Sunday, December 14, 2008

Leif's Third Christmas 1977 - Furth, Germany - Almost 3 years old



After our year in Charlottesville, Virginia, we were stationed in Fuerth, Germany, right next to Nurnberg, and Peter W. was the Officer in Charge of the U.S. Army's Nurnberg Law Center. We lived in an army housing area that no longer exists, in a first floor apartment. The building had three floors and there were six apartments in our stairwell. There was a very large area behind the building, surrounded by other apartment buildings like ours, that was the kids' playground.

Leif's best friend was a girl named Katie who lived in the next building. She had one blind eye because her brother had accidentally shot one of her eyes with a BB from an air gun.

Leif was two-and-a-half the summer we moved to Furth, and we lived there just one year. He attended the Happy Time Montessori Preschool.

That year, one of the organizations offered a service on St. Nikolaus Day, December 6th, where St. Nikolaus would come to one's home and visit the kids. I believe they requested a donation for a service organization. We decided that would be fun for the boys.

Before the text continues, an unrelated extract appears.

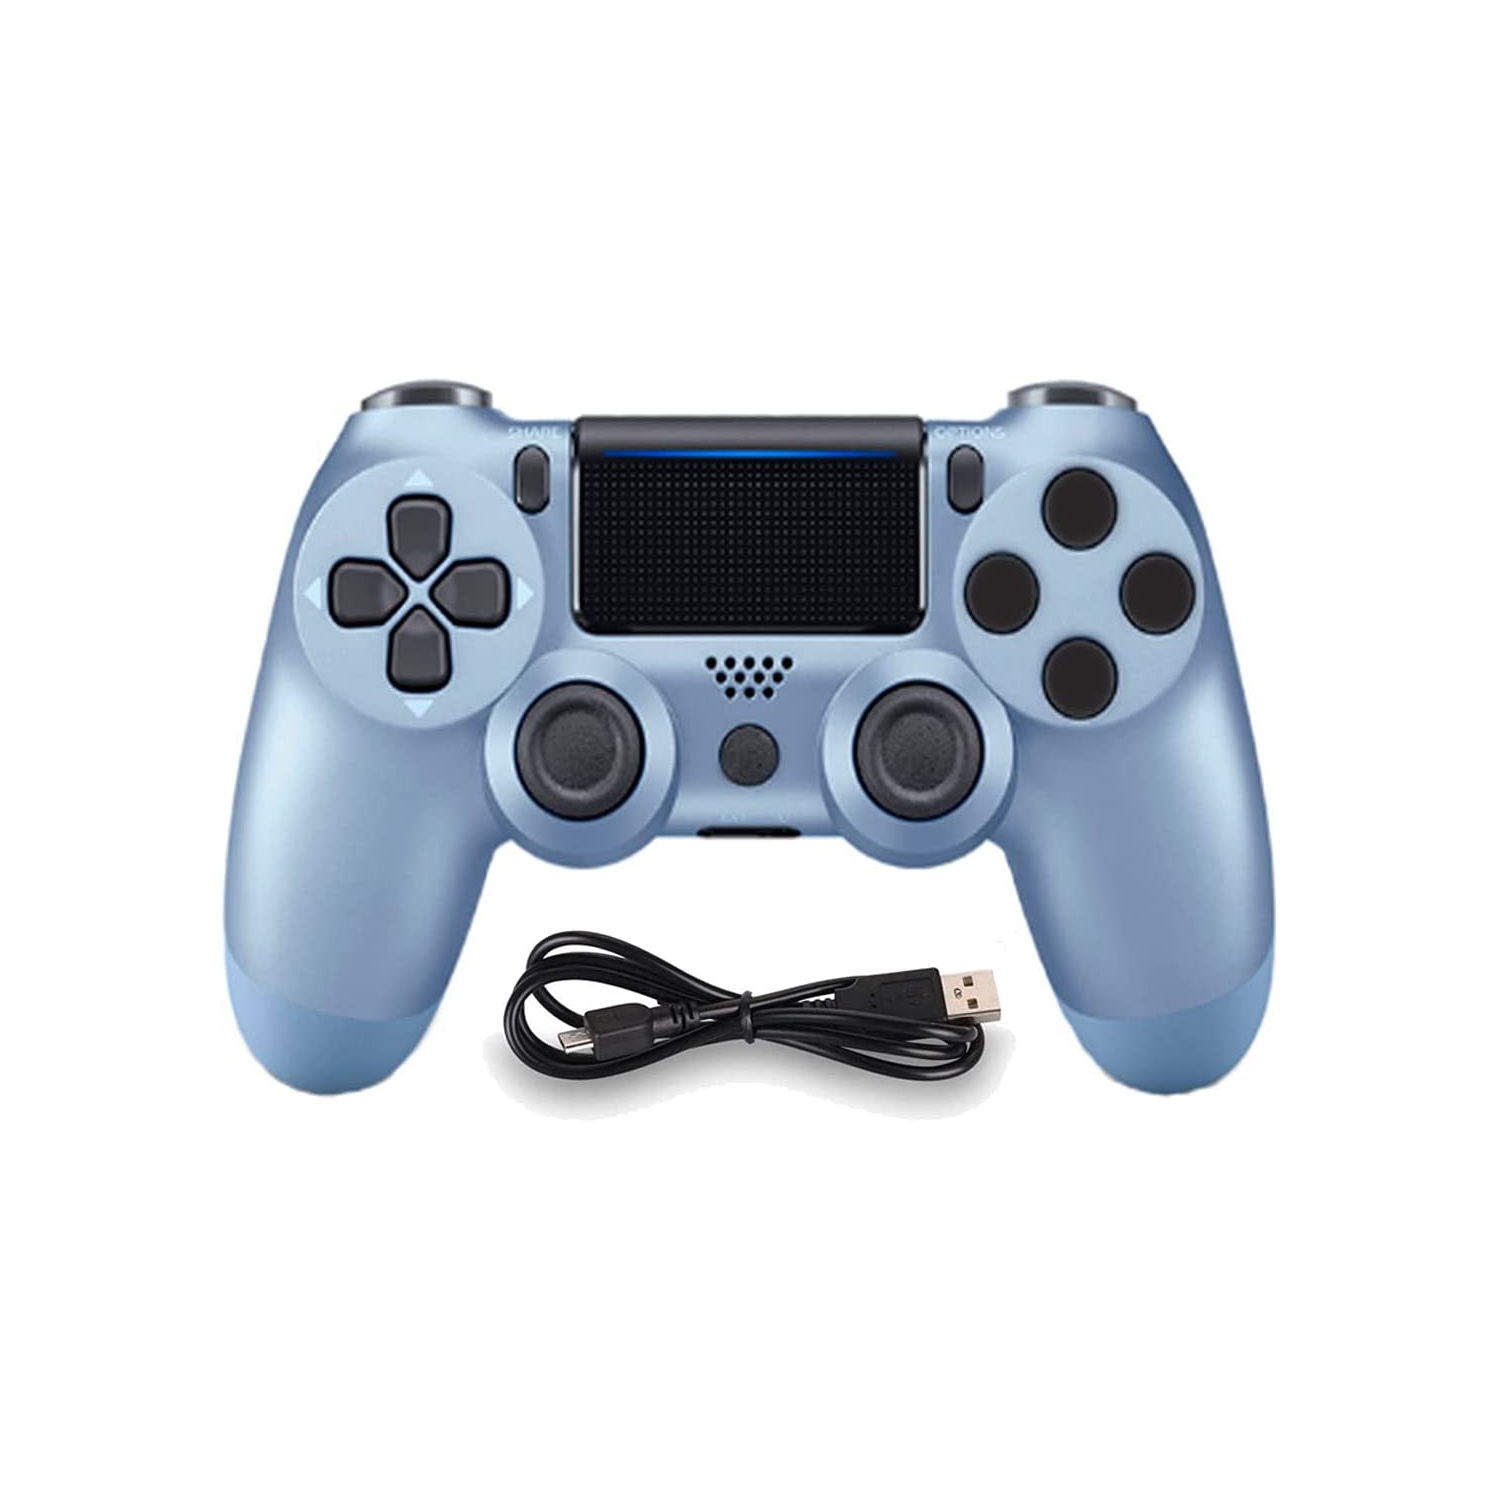 Wireless Controller Compatible for PS4 Playstation 4 / Slim/Pro Console, Double Vibration, 6-Axis Gyro Sensor, Speaker, Built-in Audio Jack with Charging Cable (Titanium Blue)

The evening of December 6th, the doorbell rang and there was St. Nikolaus, dressed like the German Nikolaus, not like the bearded American Santa, but similar enough that any kid should have known who it was. However, as I said in my earlier post, a lot of young children are scared of Santa, and Leif turned out to be one of them. He took one look at St. Nick and ran screaming to a big upholstered chair in the living room and tried to hide.

St. Nick tried to talk with him but Leif wasn't responding well. We tried talking to Leif and encouraging him to be friendly. Nothing doing. He was crying. Peter A. showing brotherly concern and trying to let Leif see that St. Nick wasn't hurting him any, but that didn't help either.

St. Nick didn't give up. He finally got down on the floor, so he was at Leif's height in the chair, and talked to him. Eventually, he got Leif to turn around and give him a hug. That's what you see in the photo above.

St. Nick was played by an army sergeant, and I no longer remember his name, but I do know that he had kids of his own and he was really good with Leif. Leif never told us why he was so frightened of him.

The other photo is of Leif playing with some of his Christmas toys on Christmas Eve, on the rug in the living room of of quarters there. So many of our Christmases were just the four of us, like this one, but we had a good time and a lot of love.